**WORK REQUEST:**
Copy exactly the stretch of data below from the line with "Sgt. Frank Woods" through the line with "Bavarian Girl Oktoberfest", including both of those lines.

**THE INPUT:**

------------------------------------------------------------------------

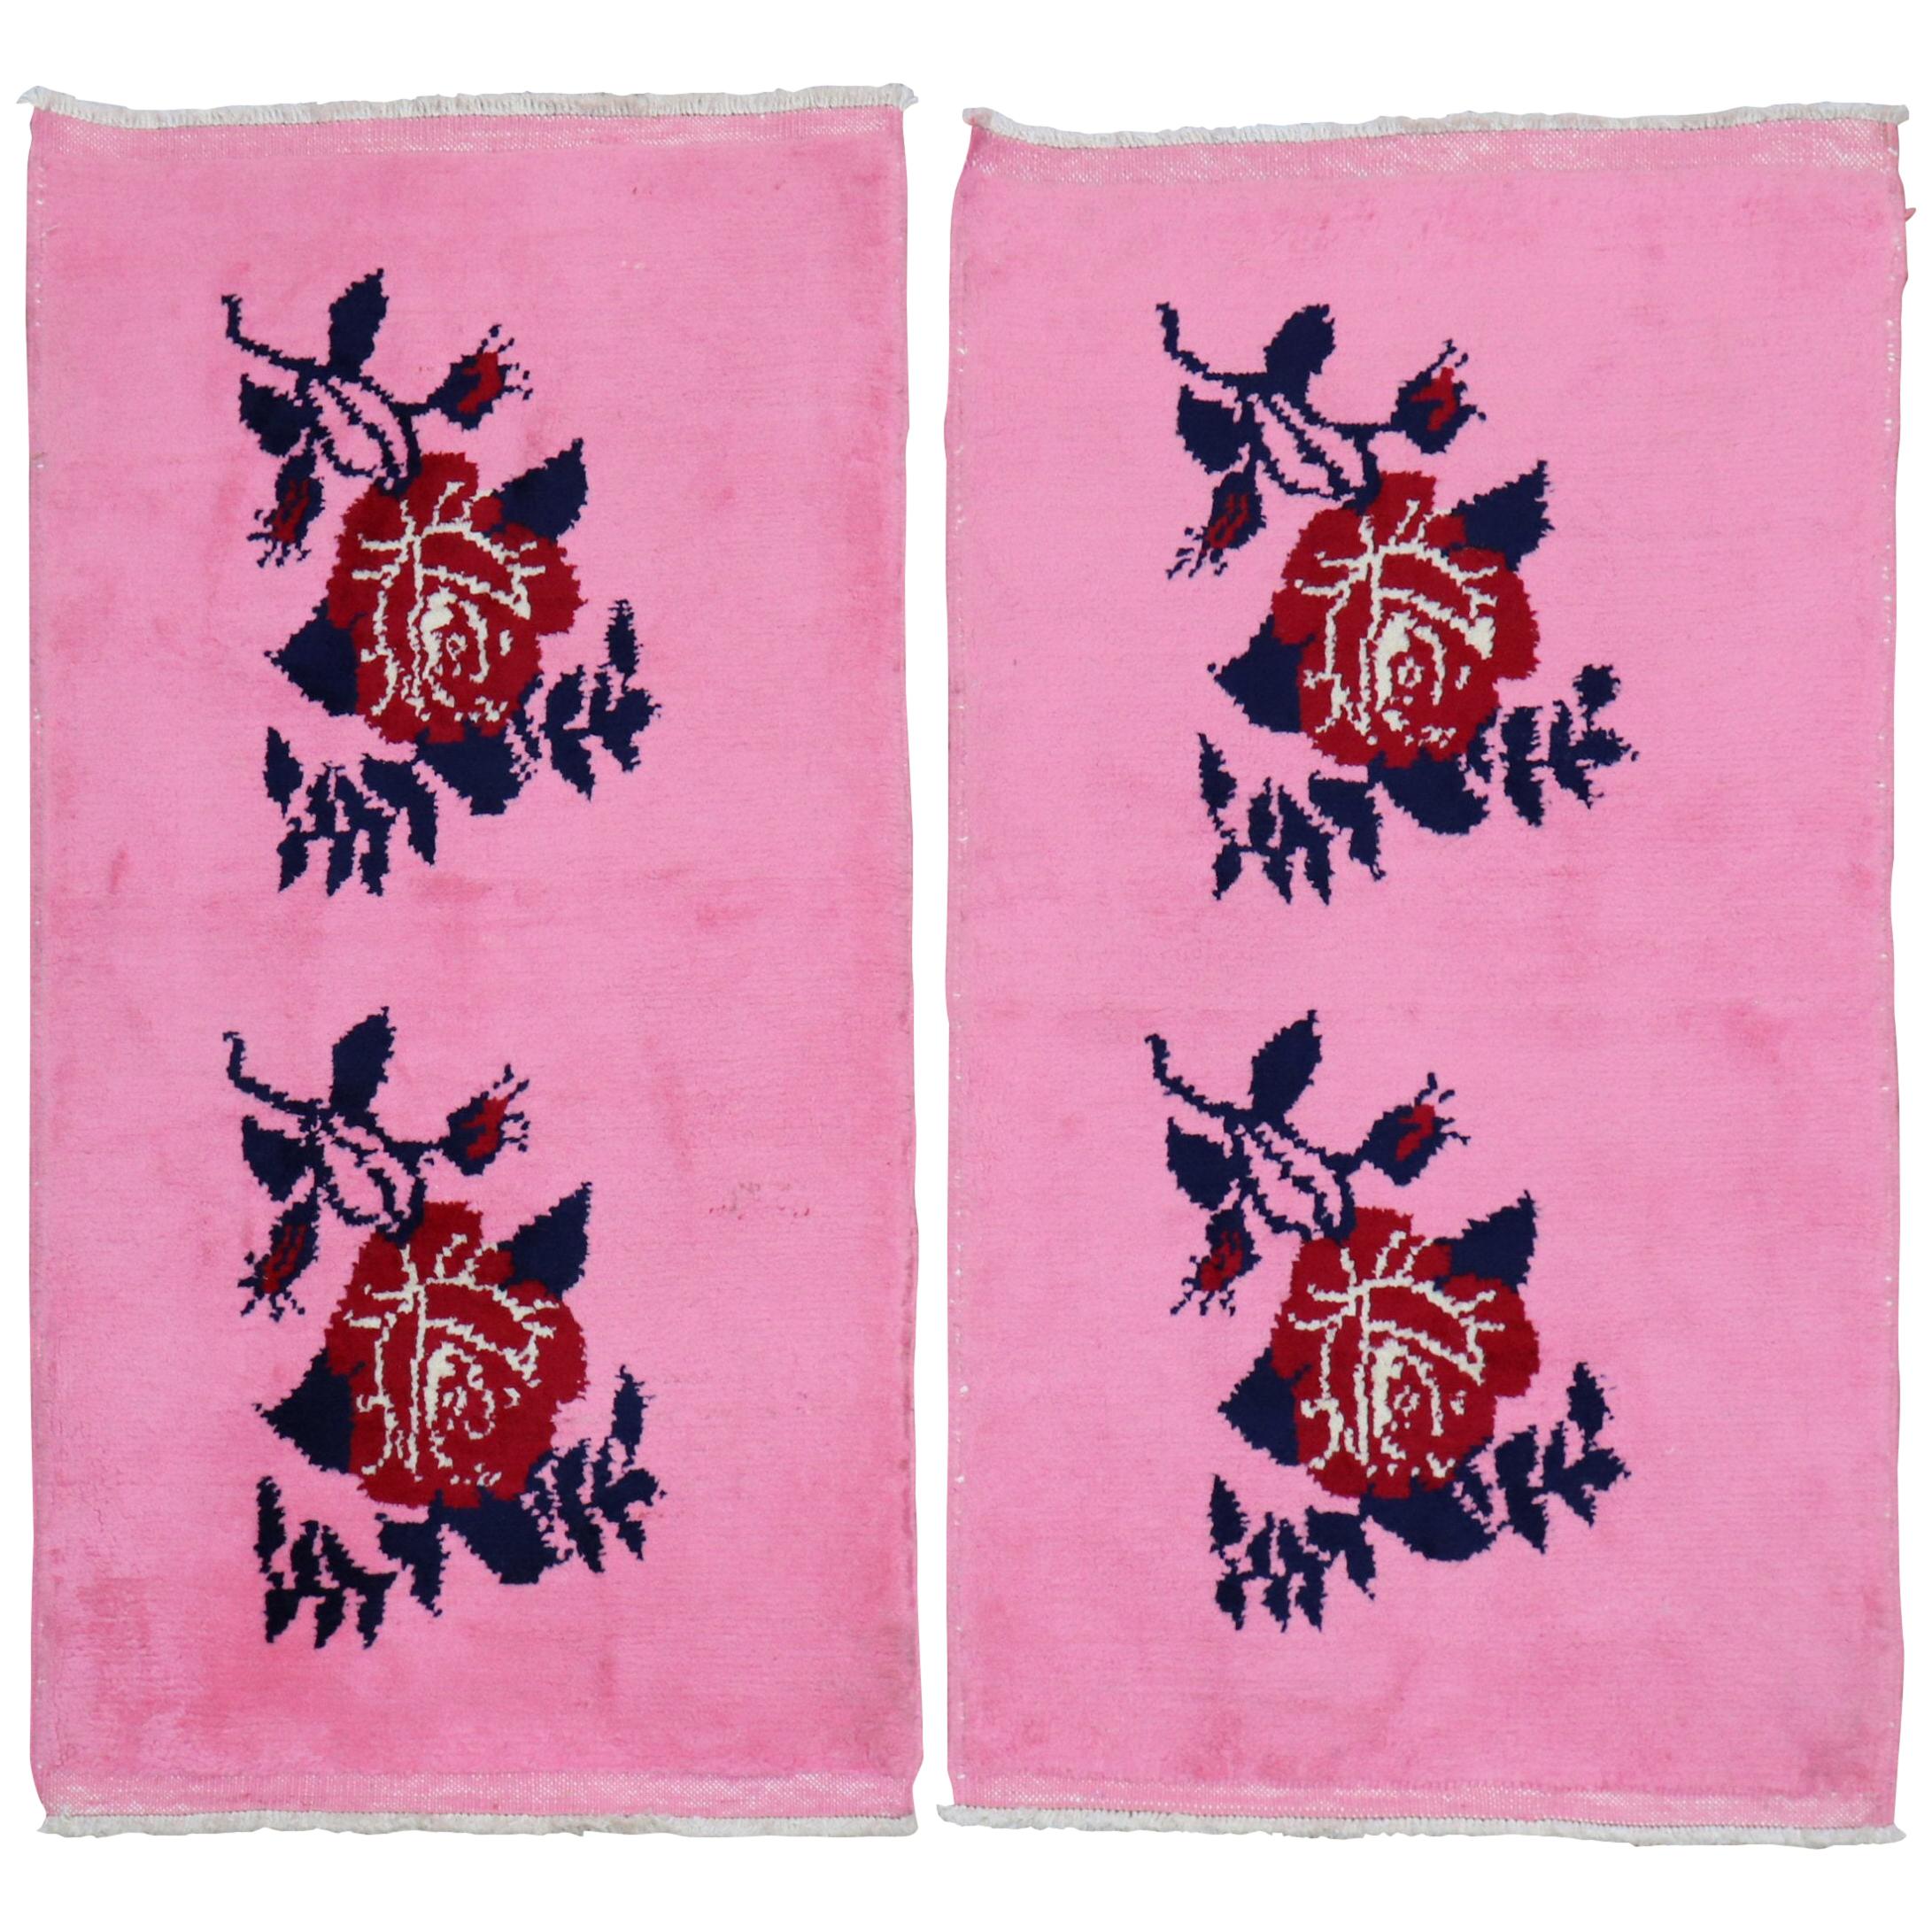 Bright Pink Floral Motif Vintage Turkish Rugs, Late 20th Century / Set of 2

------------------------------------------------------------------------

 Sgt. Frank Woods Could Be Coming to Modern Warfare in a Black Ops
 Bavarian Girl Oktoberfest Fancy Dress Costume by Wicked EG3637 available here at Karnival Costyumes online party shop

------------------------------------------------------------------------

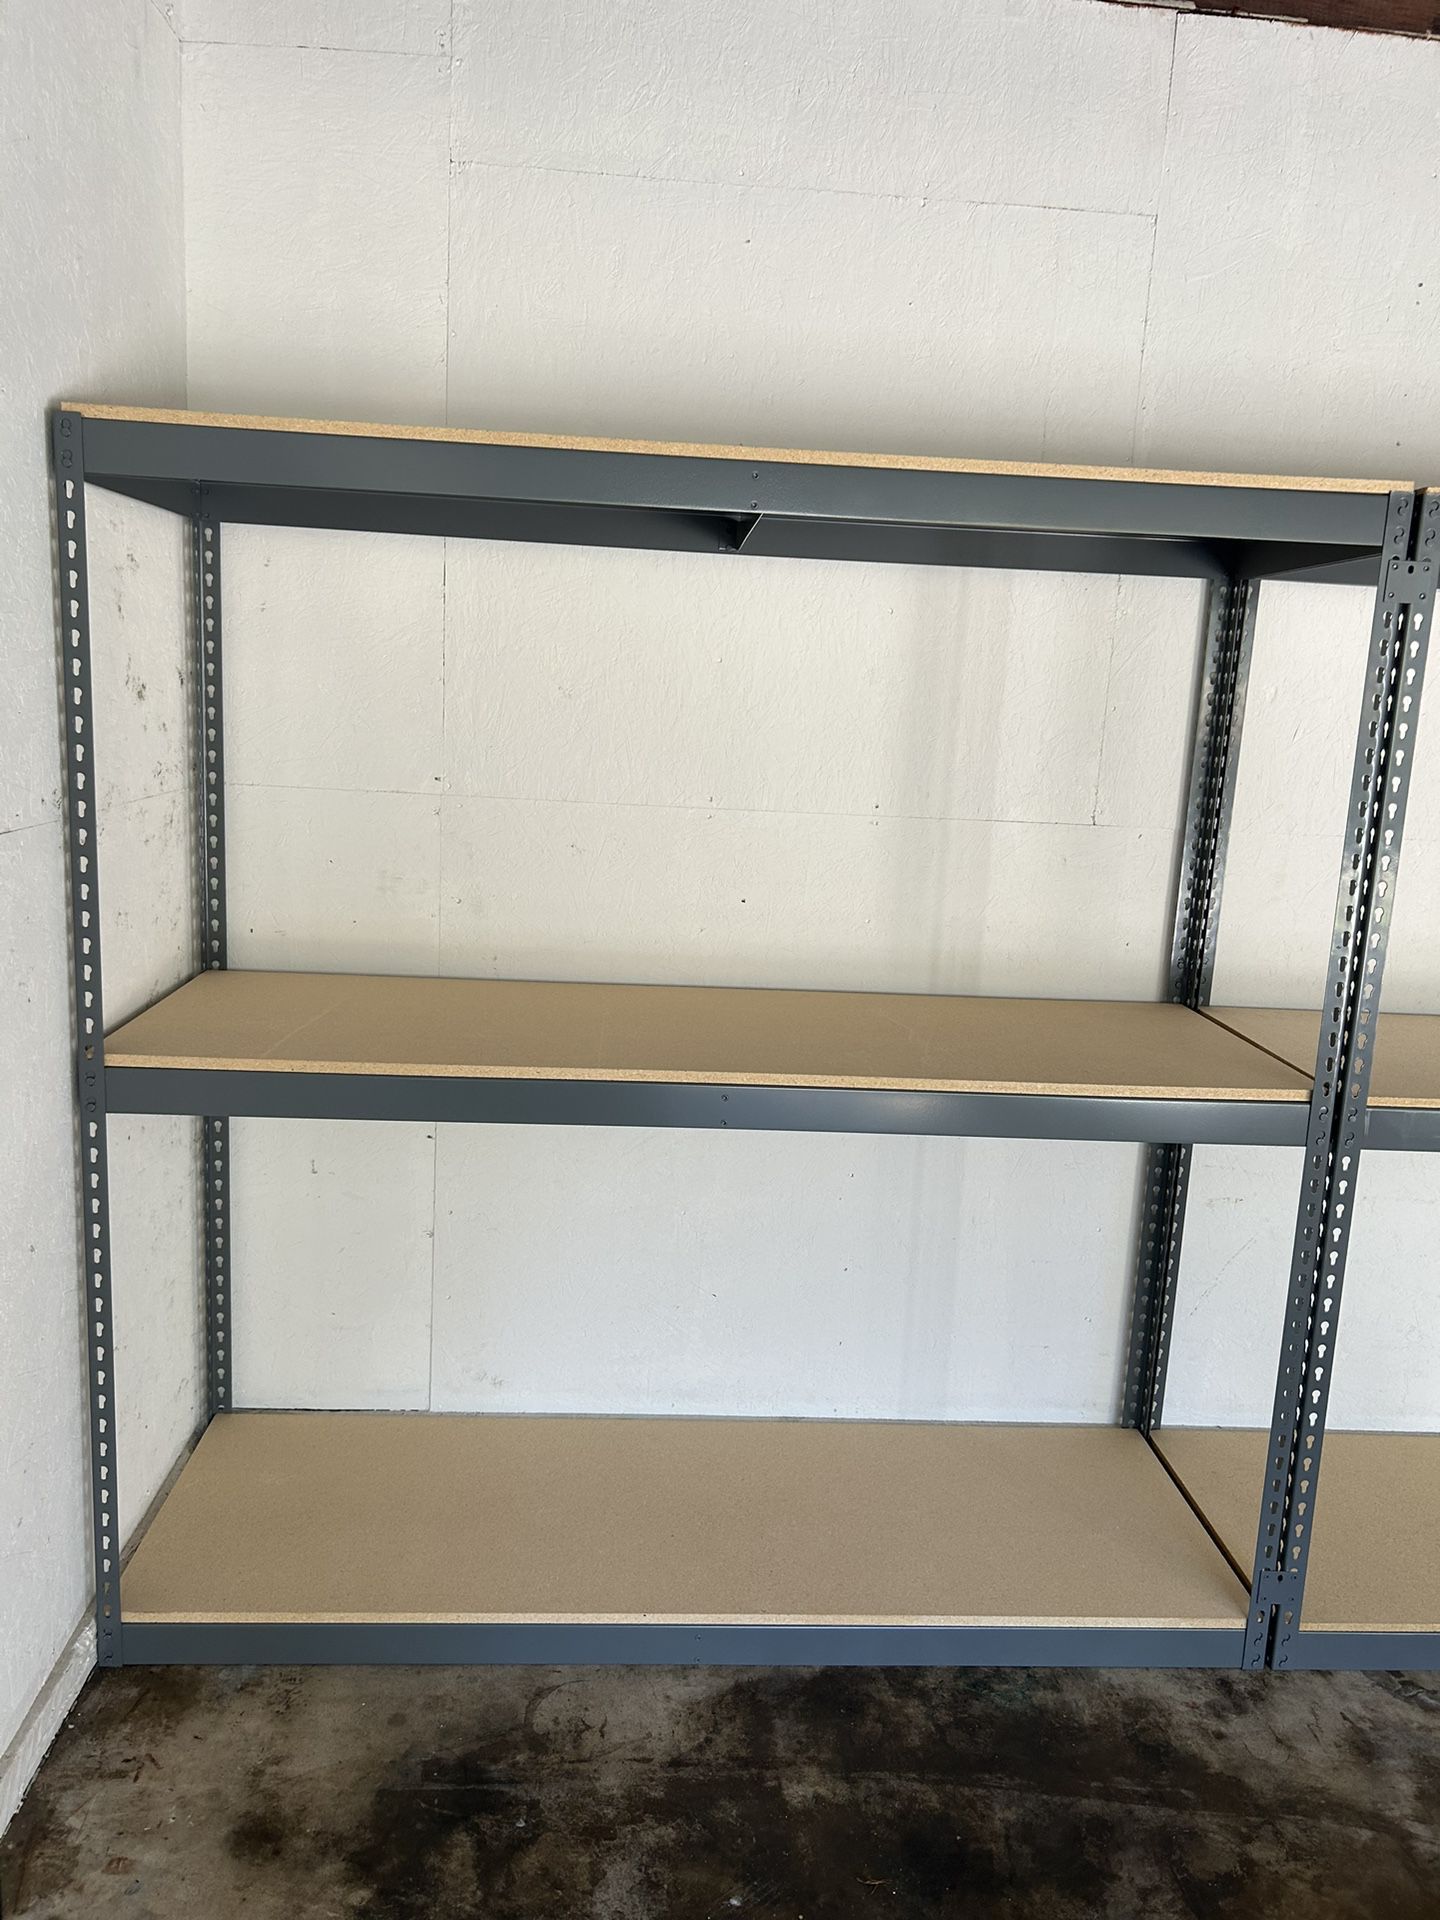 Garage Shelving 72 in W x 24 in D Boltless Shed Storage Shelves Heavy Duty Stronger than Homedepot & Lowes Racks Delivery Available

------------------------------------------------------------------------

**YOUR RESPONSE:**
 Sgt. Frank Woods Could Be Coming to Modern Warfare in a Black Ops
 Bavarian Girl Oktoberfest Fancy Dress Costume by Wicked EG3637 available here at Karnival Costyumes online party shop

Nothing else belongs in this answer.